───── TASK MATERIAL ─────
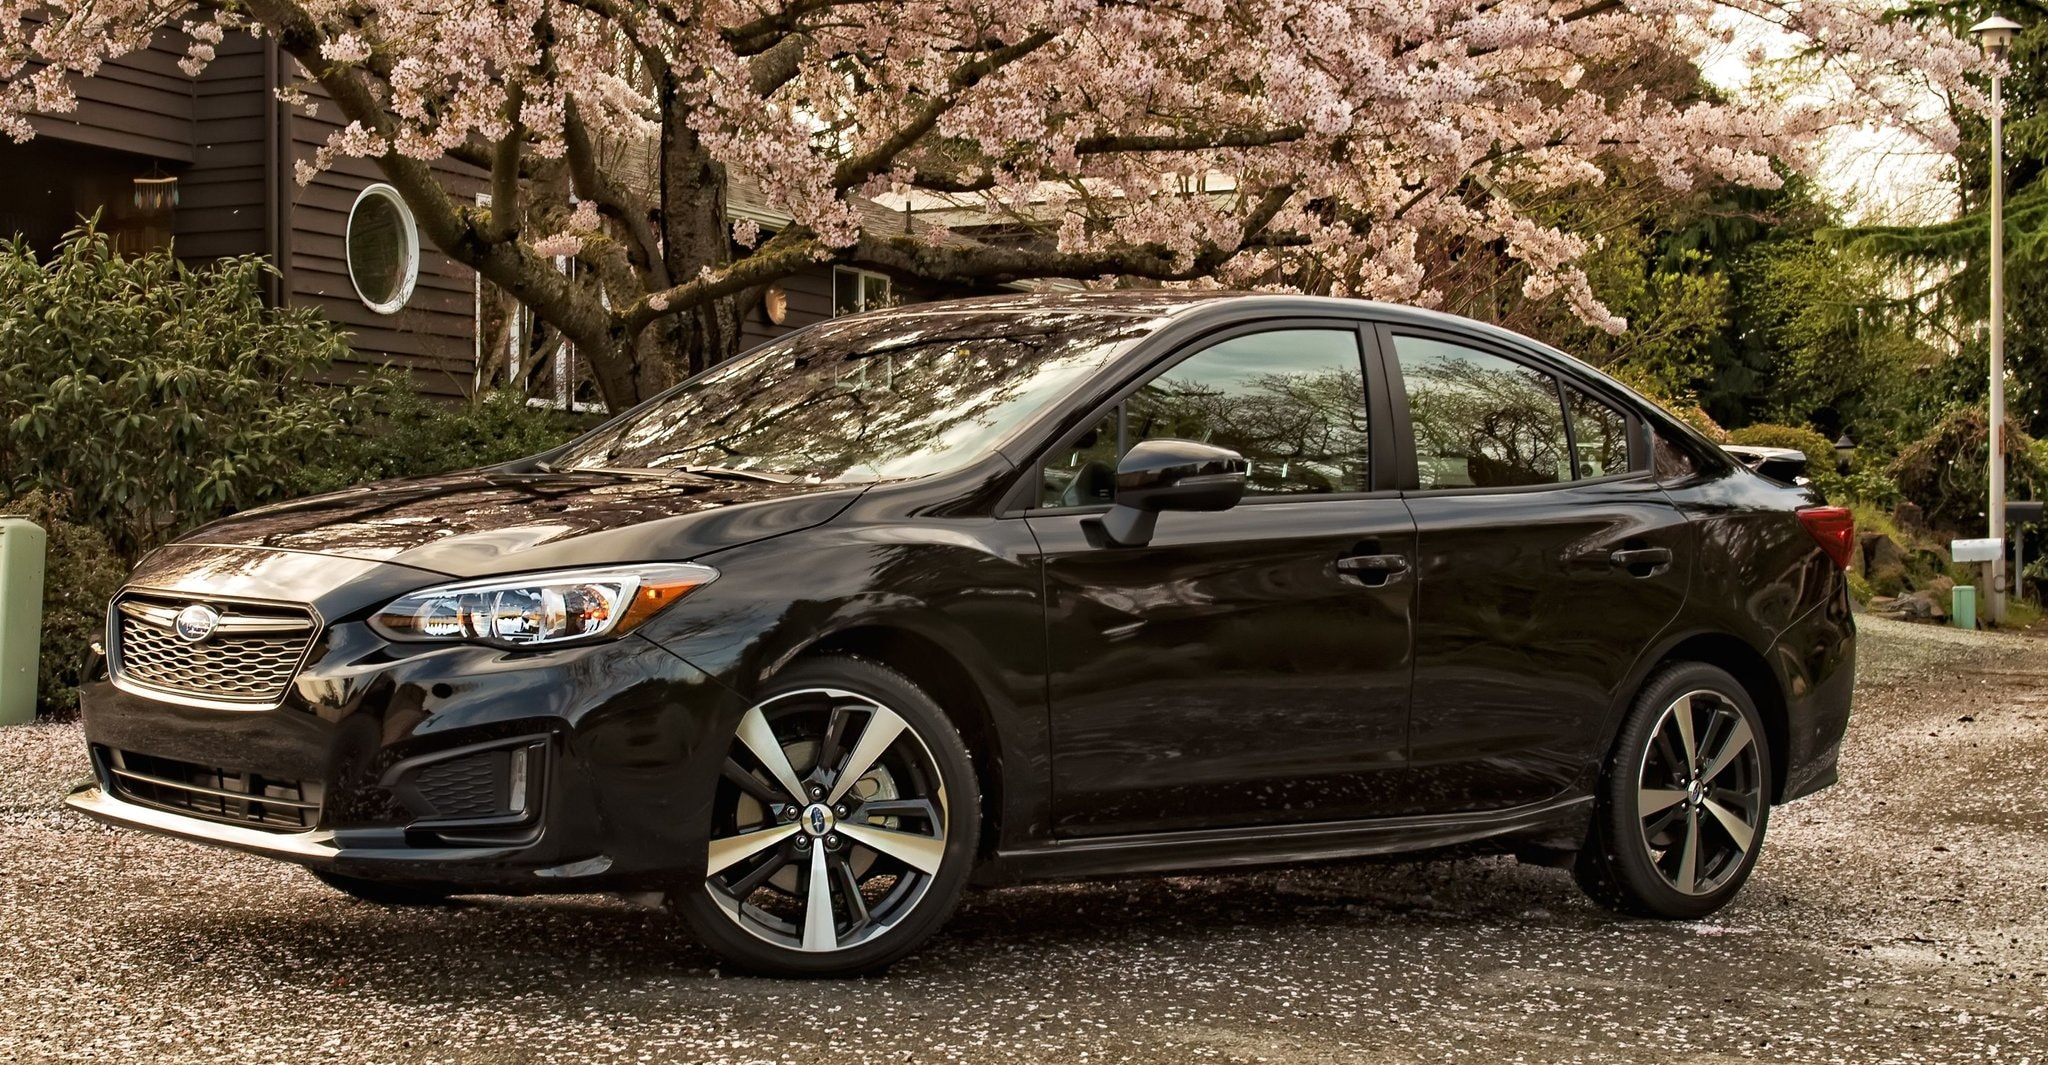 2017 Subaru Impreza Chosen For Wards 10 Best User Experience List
─────
───── TASK MATERIAL ─────
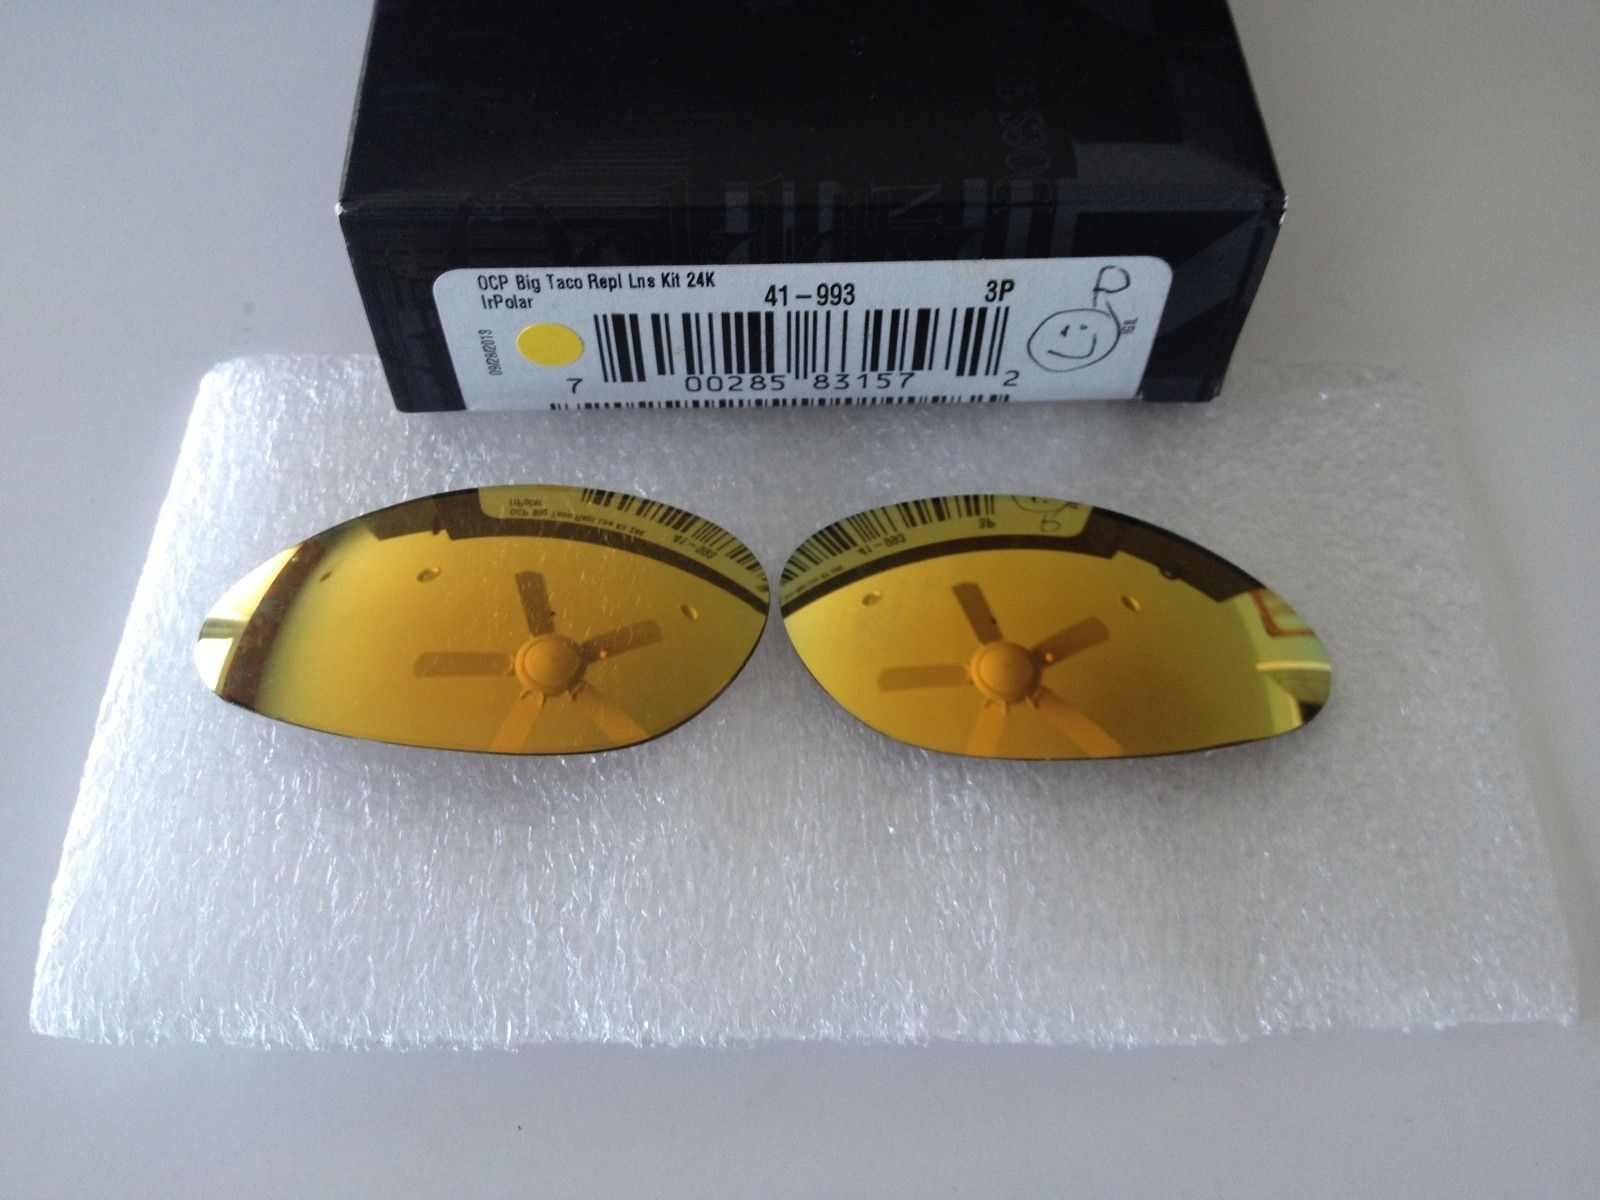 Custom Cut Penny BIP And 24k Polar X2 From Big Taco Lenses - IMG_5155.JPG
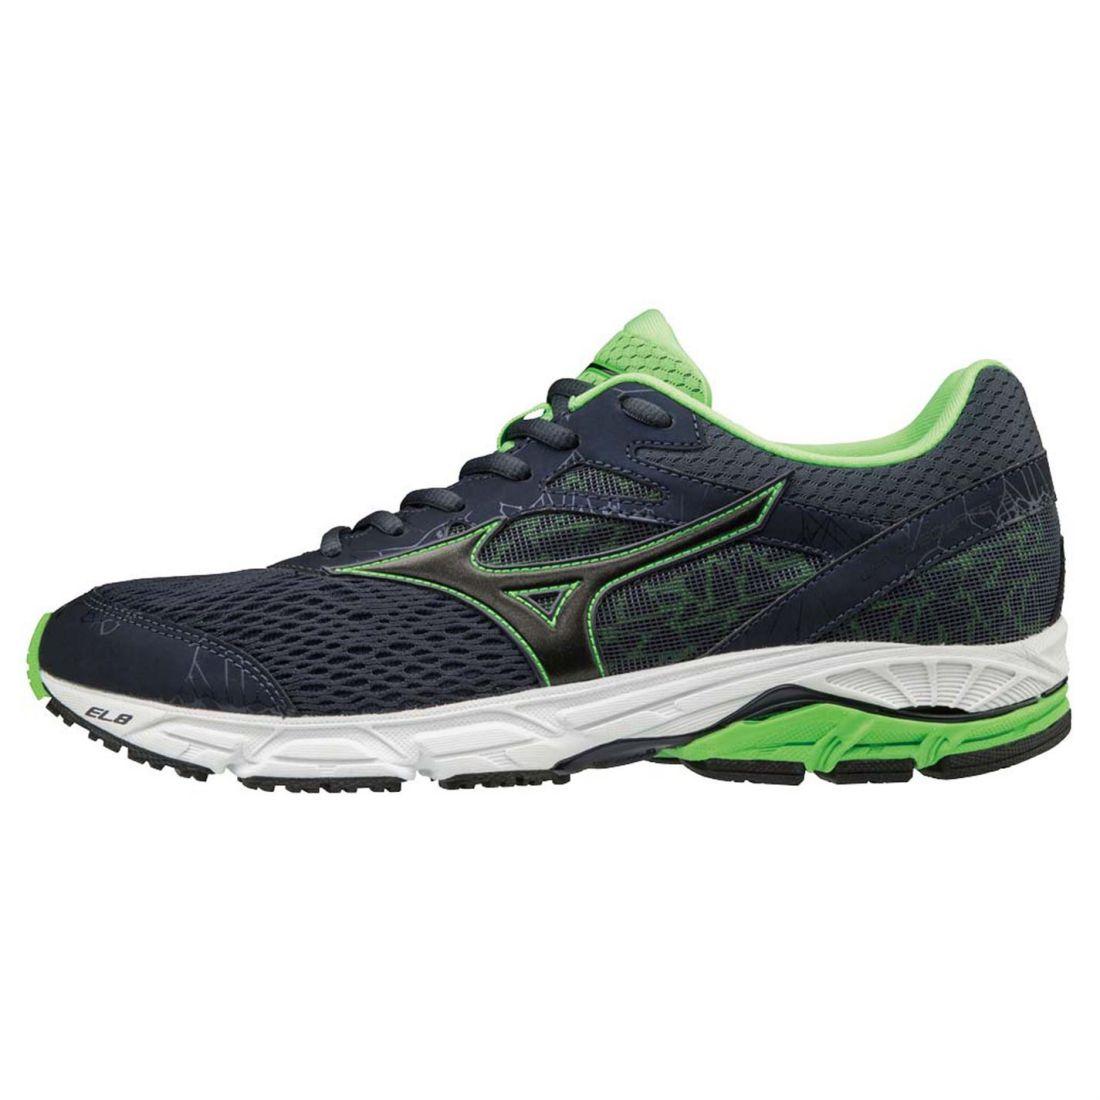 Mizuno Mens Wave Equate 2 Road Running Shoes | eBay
─────
◆ **WORK INSTRUCTIONS**: Print exactly the lines above that run from the one with "Custom Cut Penny" to the one with "Mizuno Mens Wave", both included. No pictures.

◆ **EXERCISE ANSWER**:
 Custom Cut Penny BIP And 24k Polar X2 From Big Taco Lenses - IMG_5155.JPG
 Mizuno Mens Wave Equate 2 Road Running Shoes | eBay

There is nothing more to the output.